Key facts
- Rithm Capital secured a $415 million CMBS loan and $85 million in mezzanine debt for a Midtown Manhattan office tower.
- The financing for 31 W. 52nd St. has a fixed 6.85% interest rate and matures in December 2029.
- Rithm's subsidiary, Elecor Properties, contributed $72.5 million in equity to the deal.
- The new loan replaces a prior $500 million mortgage on the property.
- Rithm plans to allocate $42.9 million for tenant improvements and leasing commissions.
- The building is currently 86.5% occupied, but a significant portion of leases expire in 2030.
Rithm Capital Corp. has arranged a new $415 million CMBS loan and $85 million in mezzanine debt to refinance a 29-story office skyscraper located at 31 W. 52nd St. in Midtown Manhattan. This transaction follows Rithm's acquisition of Paramount Group last year for $1.6 billion, through which it assumed ownership of the building.
Elecor Properties, Rithm's rebranded office subsidiary, provided $72.5 million in equity to finalize the new financing. The loan carries a fixed interest rate of 6.85% and is set to mature in December 2029, replacing a previous $500 million loan. Wells Fargo Bank, Bank of America, Barclays, Citi Real Estate Funding, and Goldman Sachs Bank were the originators of the new mortgage.
Rithm Capital plans to allocate $42.9 million from the financing towards a reserve fund for leasing commissions and property improvements, aimed at attracting new tenants and retaining existing ones. The deal is anticipated to close on July 15, according to Fitch Ratings.

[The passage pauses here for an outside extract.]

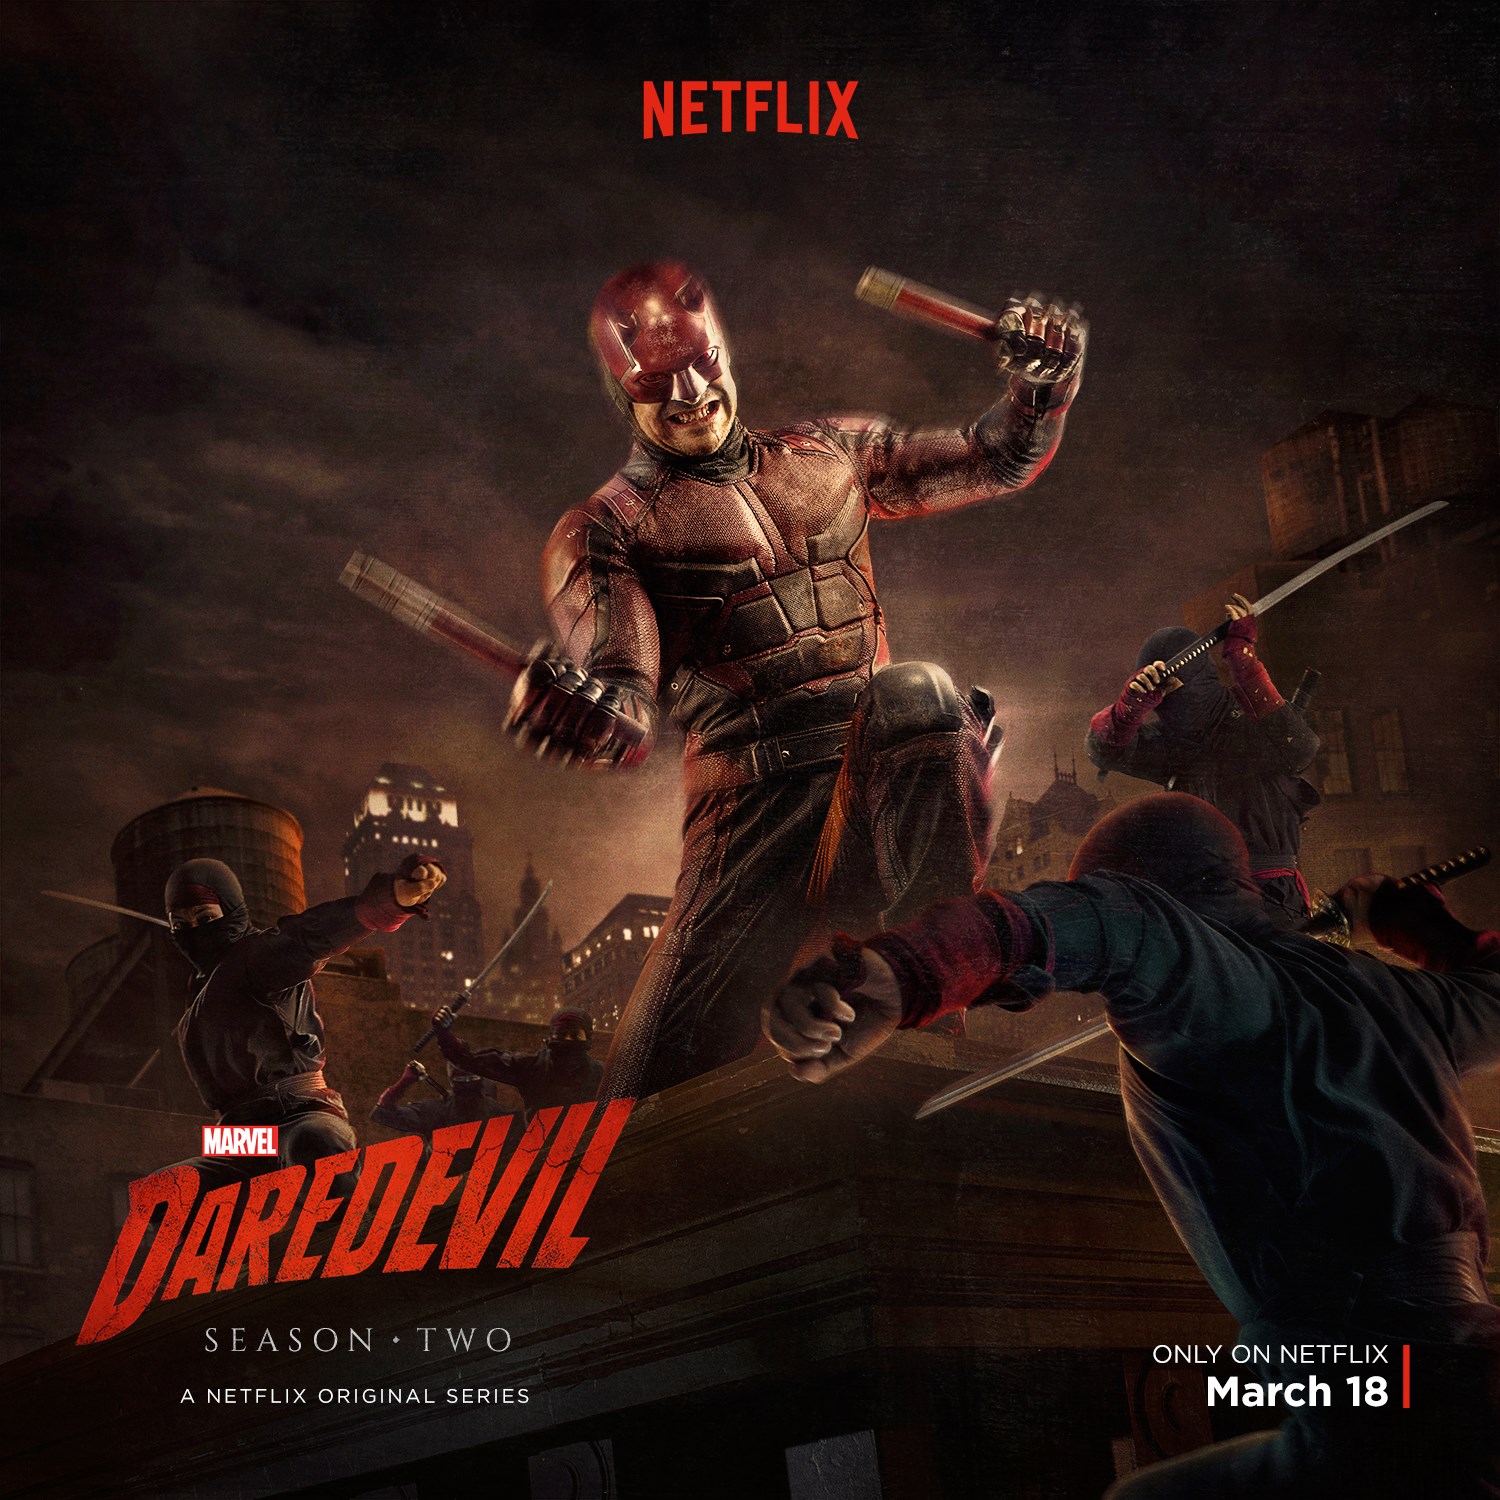 daredevil season 1 online free

The building is currently 86.5% leased. However, approximately 41% of its leases are scheduled to expire in 2030, representing $19.2 million in base rent. Tenants currently pay an average of $81 per square foot, while asking rents in the surrounding Class-A market are around $108 per square foot. Among the tenants with expiring leases are law firm Pillsbury Winthrop Shaw Pittman and financial planner Centerview Partners, who together account for nearly 34% of the building's rent roll and hold five-year extension options.

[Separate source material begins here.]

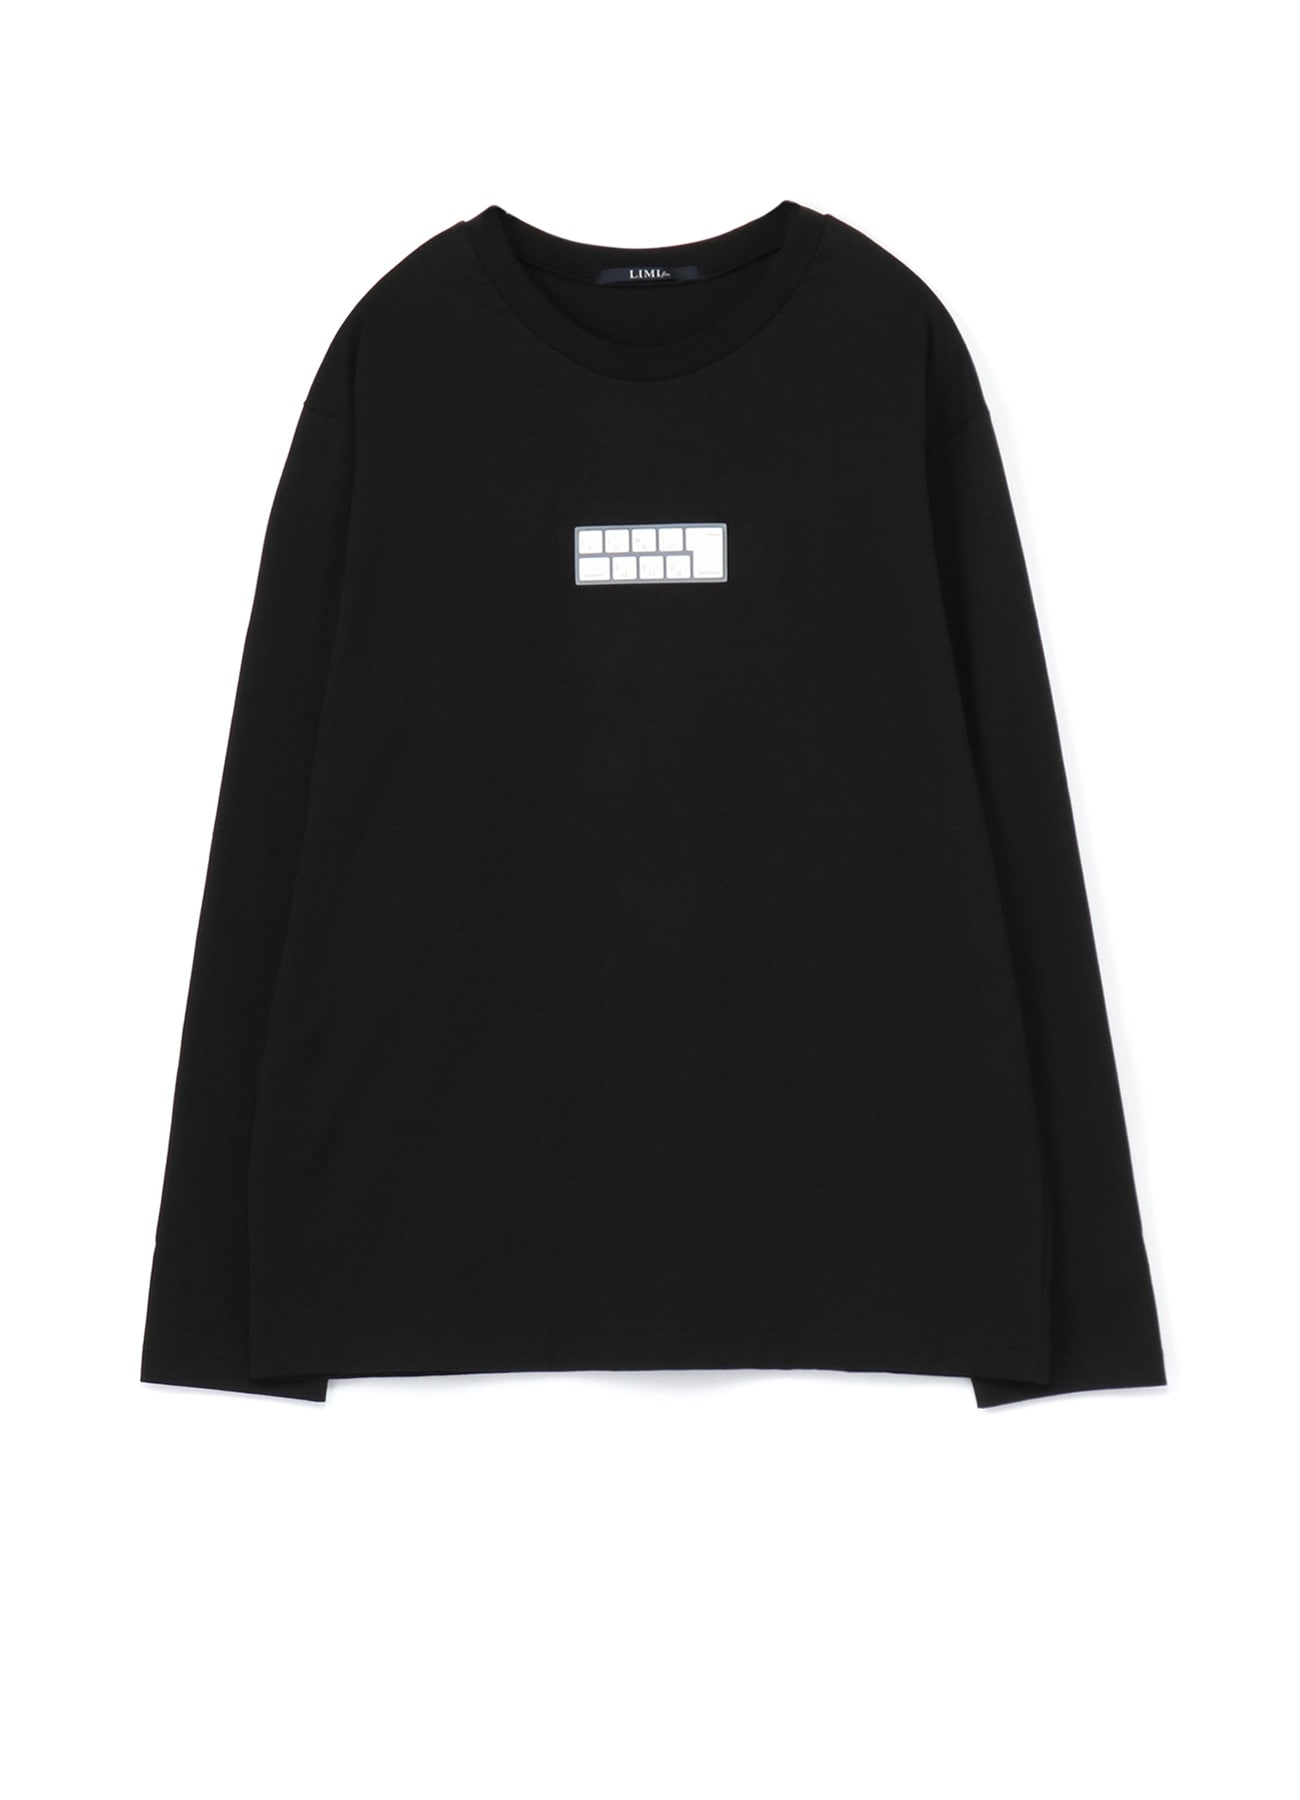 Silicon KeyBoard Oversized Long T-Shirt(S Black): Vintage 1.1

Fitch analysts noted that the building's prime Plaza District location and quality, combined with a general slowdown in Manhattan office development, are positive factors supporting occupancy and rent levels for high-quality assets. This refinancing marks the second significant transaction for Rithm since its acquisition of Paramount Group, following a $283 million refinancing of 1325 Sixth Ave. in April. The move occurs amidst a notable recovery in Manhattan's office market, with lease signings reaching their highest first-half total since 2002.